Gevelsberg. Michaela Pesenacker verlässt das Hospiz in Gevelsberg. 20 Jahre hat sie Menschen beim Sterben und Trauern begleitet. Was sie heute daraus zieht.

„Eigentlich machen wir keine Sterbe- sondern Lebensbegleitung.“ Das ist einer der wesentlichen Grundsätze der Hospizarbeit aus Sicht von Michaela Pesenacker. Sie war bis vor wenigen Tagen die stellvertretende Geschäftsführerin und Koordinatorin für den Kinder- und Jugendbereich im Hospiz Emmaus in Gevelsberg. 20 Jahre lang hat sie Menschen beim Sterben und Trauern begleitet, Halt gegeben, dabei geholfen, den letzten Weg zu erleichtern. In den vergangenen acht Jahren wirkte sie in der Einrichtung an der Hagener Straße.

Jetzt ist sie im Ruhestand und weiß: Ihr Beruf hat über eine so lange Zeit hinweg auch Spuren bei ihr hinterlassen. „Vor 20 Jahren bin ich mit einem Sommerkleid durchs Leben gegangen und heute trage ich einen schweren Wintermantel“, versucht sie, das in Worte zu fassen.

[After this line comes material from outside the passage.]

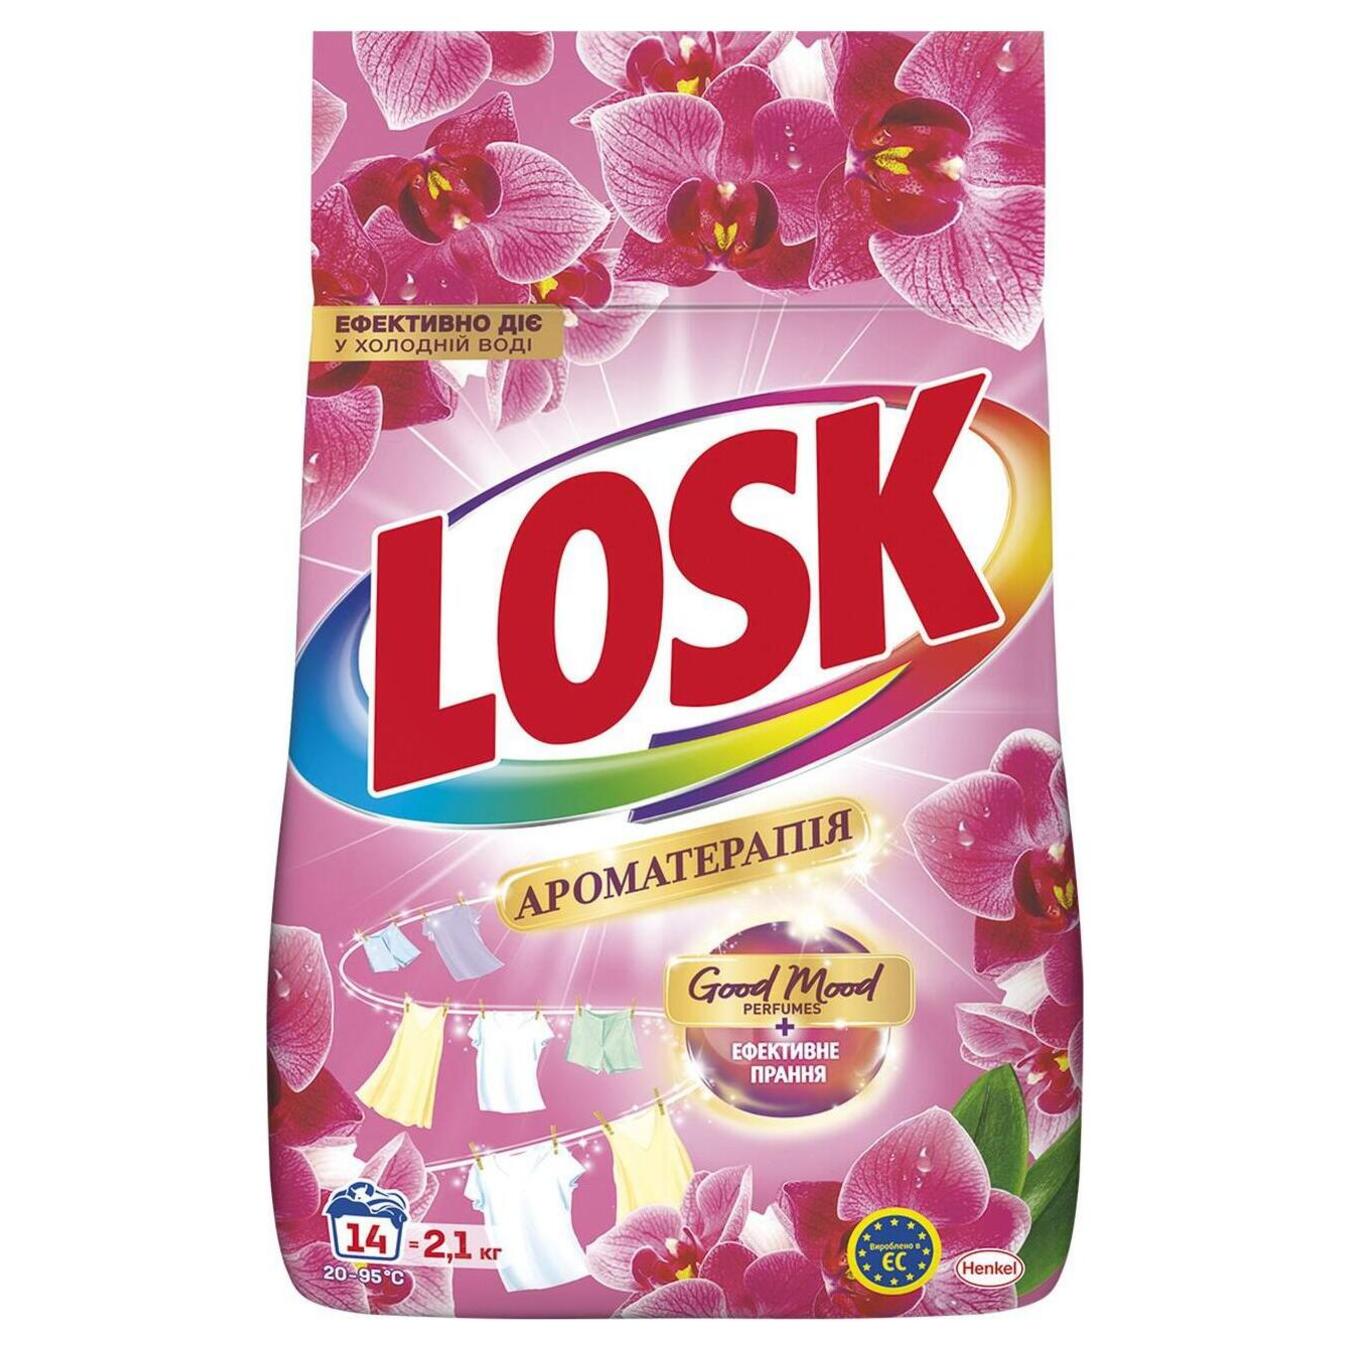 Порошок для стирки автомат Losk АО Эфирные масла и аромат Малазийского цветка 2,1 кг
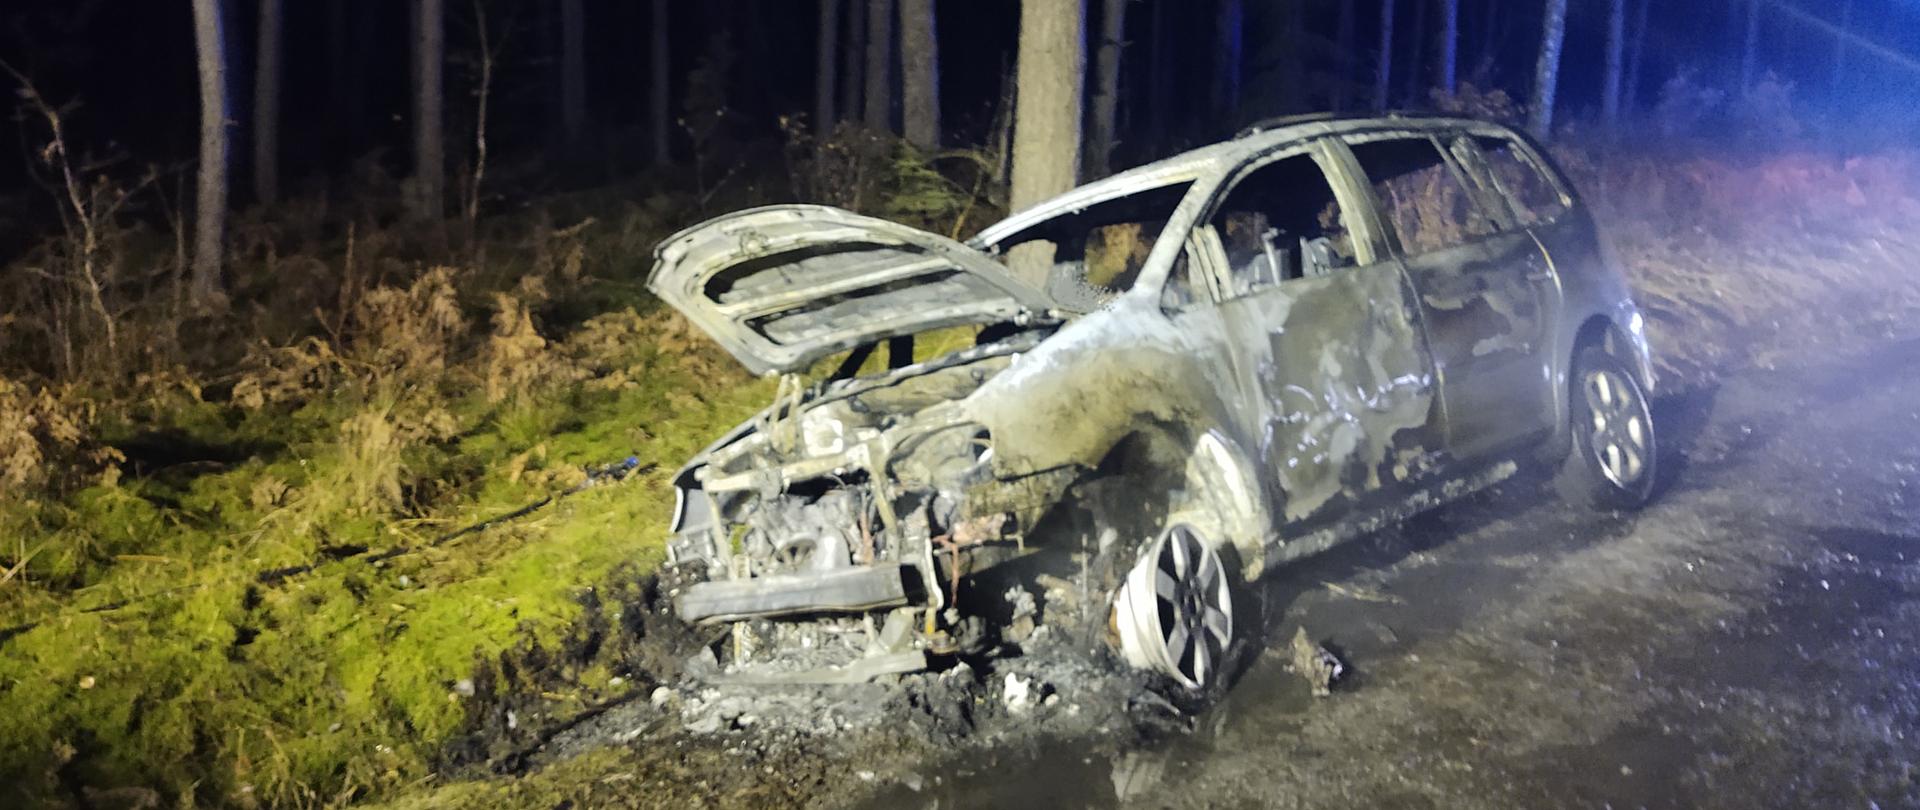 Pożar samochodu - Muszkowo

Zu viele Schicksale habe sie erlebt.

Ihr Blick auf viele Dinge hat sich dadurch verändert. „Es löst Dankbarkeit und Mut für das eigene Leben aus“, erklärt Pesenacker. „Ich bin vom Schicksal verschont geblieben, das ist nicht selbstverständlich. Ich genieße jeden Tag.“ Und wer so wie sie jeden Tag mit Sterben und Trauer konfrontiert sei, für den bekomme das eine ganz besondere Bedeutung und Wichtigkeit. Den Weg in die Hospizarbeit fand sie damals durch ein ganz persönliches und einschneidendes Erlebnis.

Durch krebskranke Mutter zum Hospiz

„Ich habe damals als Mutter von sechs Kindern mit meinen Eltern in einem Haus gelebt“, erinnert sie sich daran. „Dann ist meine Mutter schwer an Krebs erkrankt.“ Eine aufreibende Situation. „Ich wollte meiner Mutter und meinen Kindern gerecht werden“, sagt Michaela Pesenacker heute. Zu dieser Zeit sei in Hagen die Hospizbewegung losgegangen. Irgendwann Mitte der 00er Jahre, wie die heute 65-Jährige einordnet. Der Caritasverband startete einen ambulanten Hospizdienst.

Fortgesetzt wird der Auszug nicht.